Idiom goes to a phrase's meaning not resulting from the ways normal words are put together with standard grammar. The phrase develops a meaning at odds with the compositional meaning of the words and typically has trouble being subjected to grammatical modification. "Let the cat out of the bag" doesn't regularly allow "the cat, let out of the bag by accident ...". No actual cat, no actual bag, and it's hard to see the analogy in the idiom. "Let the cats out the bag" suddenly becomes starkly literal. Even a construction like "the PR firm thought long and hard on the right marketing approach to letting the cat out of the bag about their client's new product." Typically the phrase entails accident or mistaken revelation, or at the very least information that was kept secret. You don't see that in the compositional meaning of the words "let, cat, out of, bag." And the use of the article is strange there, as well: We expect there to be a singular cat in the context, the cat to be prototypical, or to be old information in the narrative. It's an idiom. (Could be a cliche, if it's overused.)
"A stitch in time saves nine" was a cliche and is an aphorism. Cliche status depends on frequency. "We need to leverage our synergies" became a cliche. It's not an idiom nor an aphorism. Just a set phrase.

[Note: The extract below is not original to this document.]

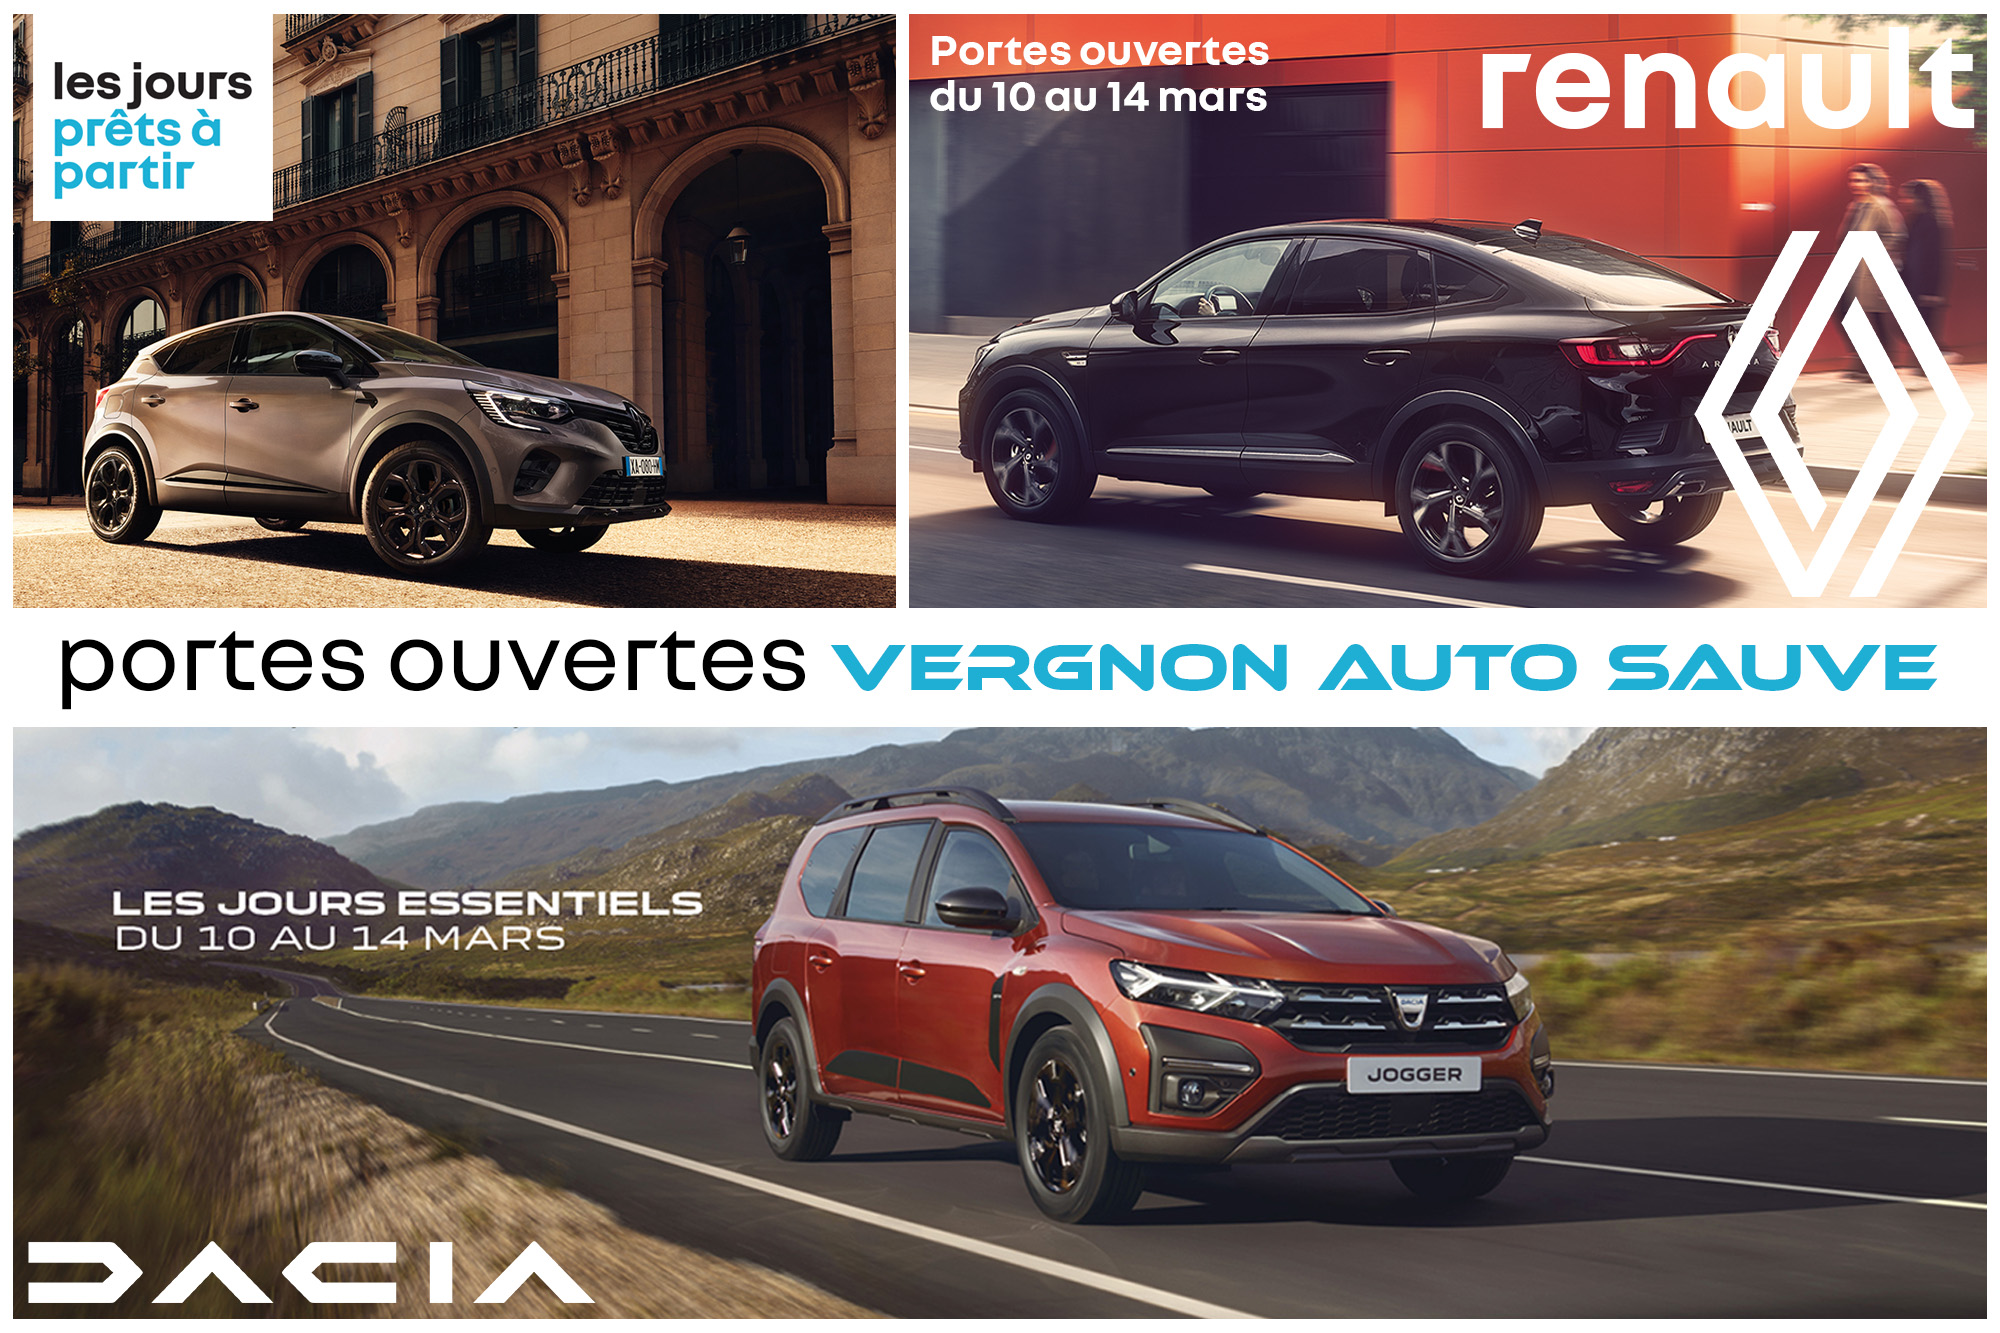 Portes ouvertes « Renault-Dacia » Sauve !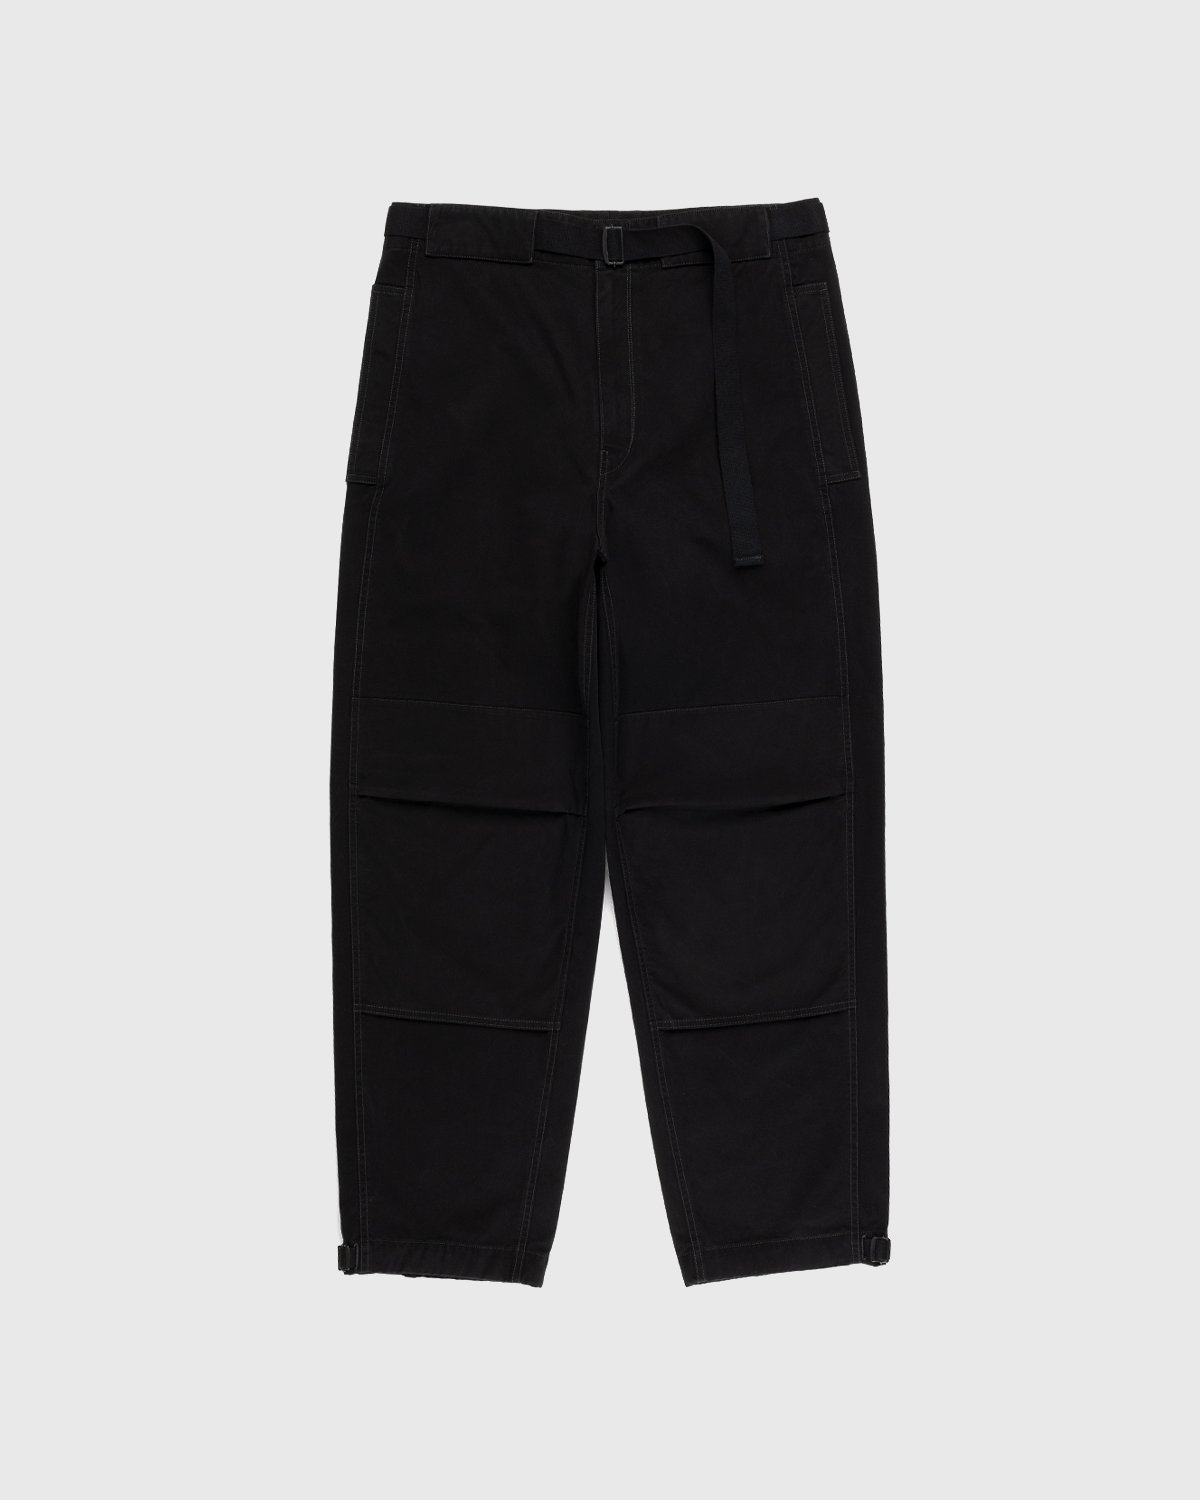 Lemaire – Utility Pants Black | Highsnobiety Shop

Other aphorisms are far from being cliches: Many a mickle makes a much. If it's not overused, it's probably not a cliche. Most probably haven't ever heard that aphorism. It's not an idiom; a mickle is a small quantity of something, and if you have a lot of small quantities you have a lot, or "much." It's strictly compositional.
Others "cliches" at the site are neither: "As many Chins as a Chinese phonebook" might be a cliche for some, but not for me. I've heard it perhaps once. A lot of people just want to participate and suggest any set phrase.
So we have a definition thing. Not that definitions in the least matter, so if you blather to kitty beyond random baiting, ethos rags subordinate. Then again, I suspect most would think definitions matter when it comes to words they think important.
The sample makes no claim to being random or adjusted by population, so I find the astonishment at having a bias in a biased sample to be astonishing.
Moreover, the attributions aren't always correct. "Ashes to ashes, dust to dust" is from the Anglican funeral service. "As ye sow, so shall ye (also) reap" is slightly paraphrased KJV (Britain, 1611), and is the same in the earlier Tyndale version. Not just a biased sample, but an unvetted sample. Perhaps I should list "he's the periphrastic antithesis of demotivational supercedent priorities" as a cliche.
This is Internet flotsam that should never become jetsam. May it sink and be derelict.